Today Nohoval is one of those Irish villages that exists more on tourist maps than in the daily traffic of Cork - a name, a beautiful cove, a couple of churches, the converted mill. The Wild Atlantic Way signposting routes visitors past Nohoval Cove on their way between Kinsale and Carrigaline. A scattering of holiday homes occupies what were once farm cottages. A renovated 200-year-old Georgian house sold here in 2016 for the kind of price that would have astonished anyone living in the village a generation ago.

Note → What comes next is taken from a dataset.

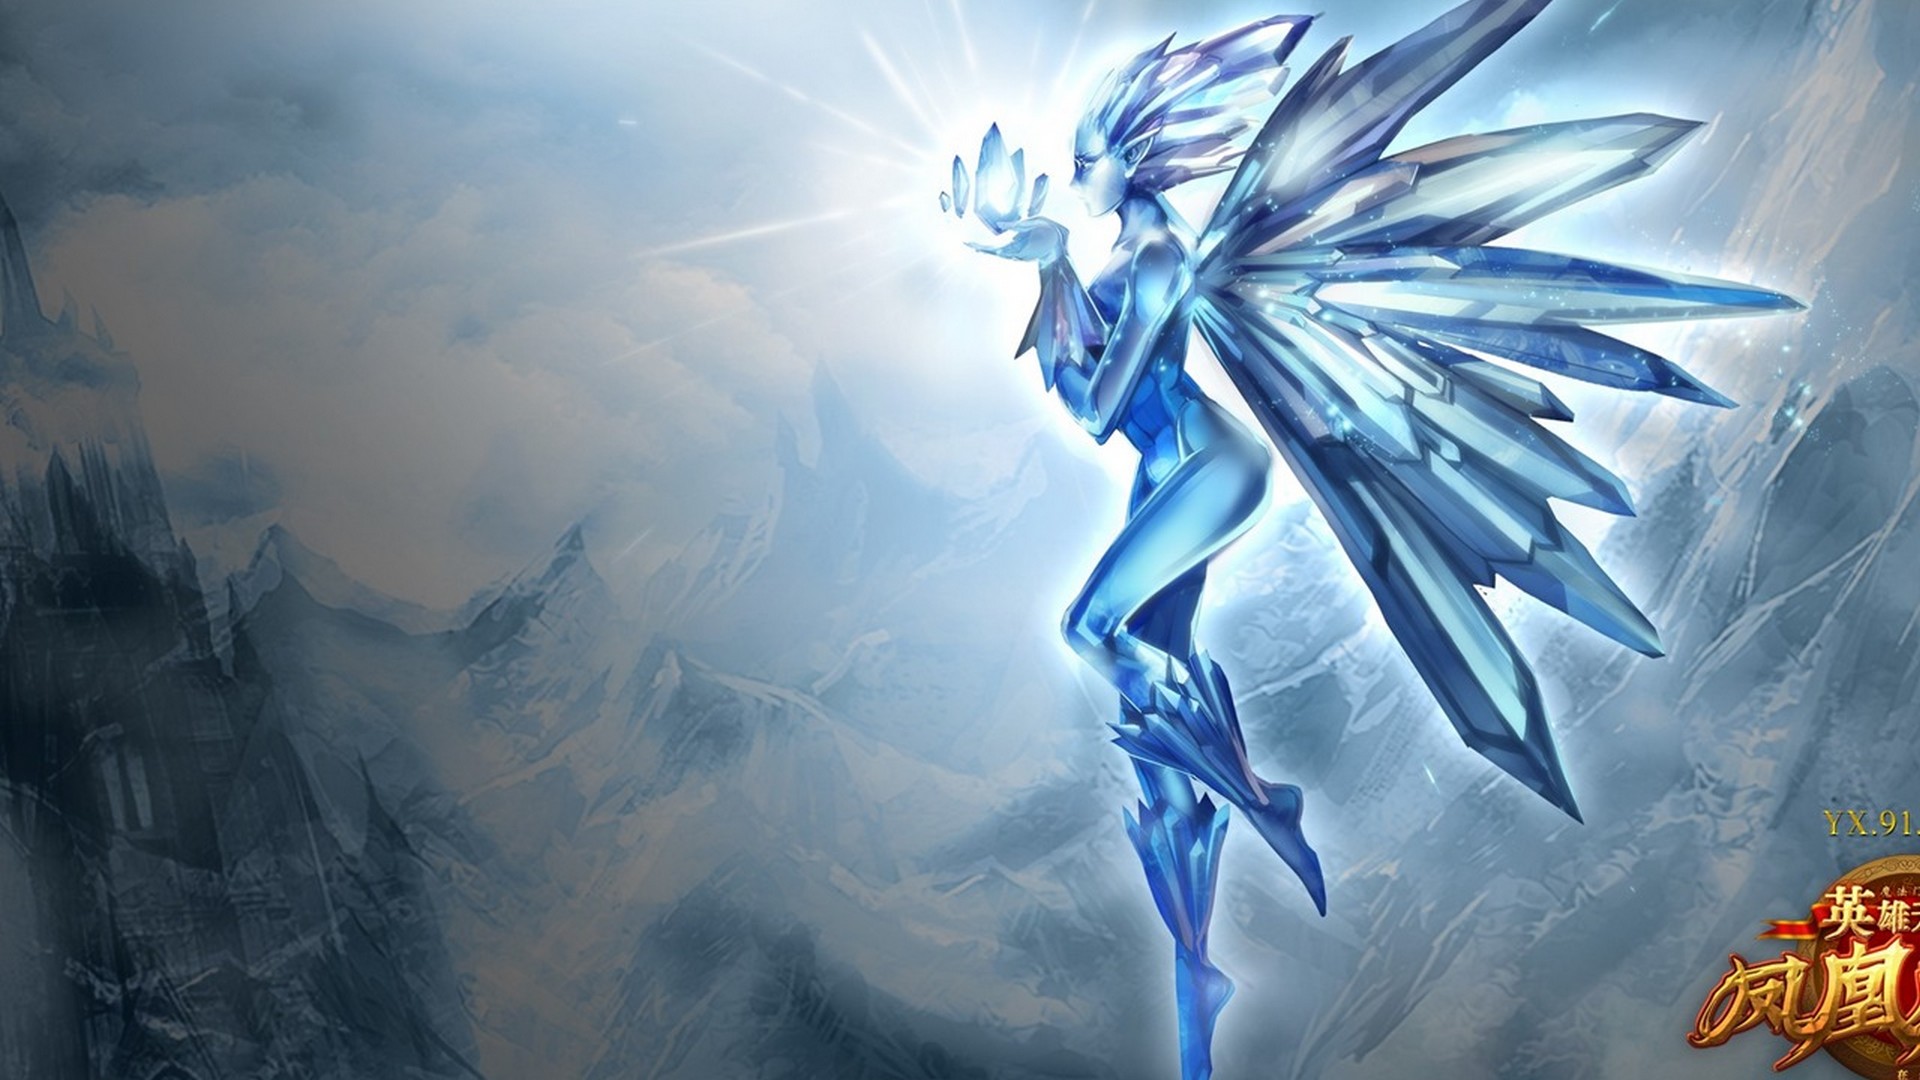 Best Ice Phoenix Wallpaper HD with image resolution 1920x1080 pixel. You can make this wallpaper for your Desktop Computer Backgrounds, Mac Wallpapers, Android Lock screen or iPhone Screensavers

McCarthy's Bar - immortalised in Pete McCarthy's 2000 bestseller of the same name about Irish pub-crawling - was put on the market in 2019 for €225,000, and bought by someone with the same idea every visitor has: I could live here forever. The schoolteacher's murderer is long since dead. The village remembers, mostly, its cove.

From the Air

Nohoval village sits at 51.722 degrees N, 8.401 degrees W on the south coast of County Cork, between Kinsale to the west and Carrigaline to the northeast, about 25 km south of Cork city. The Wild Atlantic Way route runs through the village. Nohoval Cove lies on the coast just south of the village. From the air the area is a patchwork of small fields, scattered farmhouses and the distinctive coastline of small headlands and coves. Cork Airport (EICK) is 12 km north-northeast. Best viewed from 1,500 to 3,500 feet on a coastal track from Kinsale toward Cork Harbour. The Old Head of Kinsale lies 8 km southwest.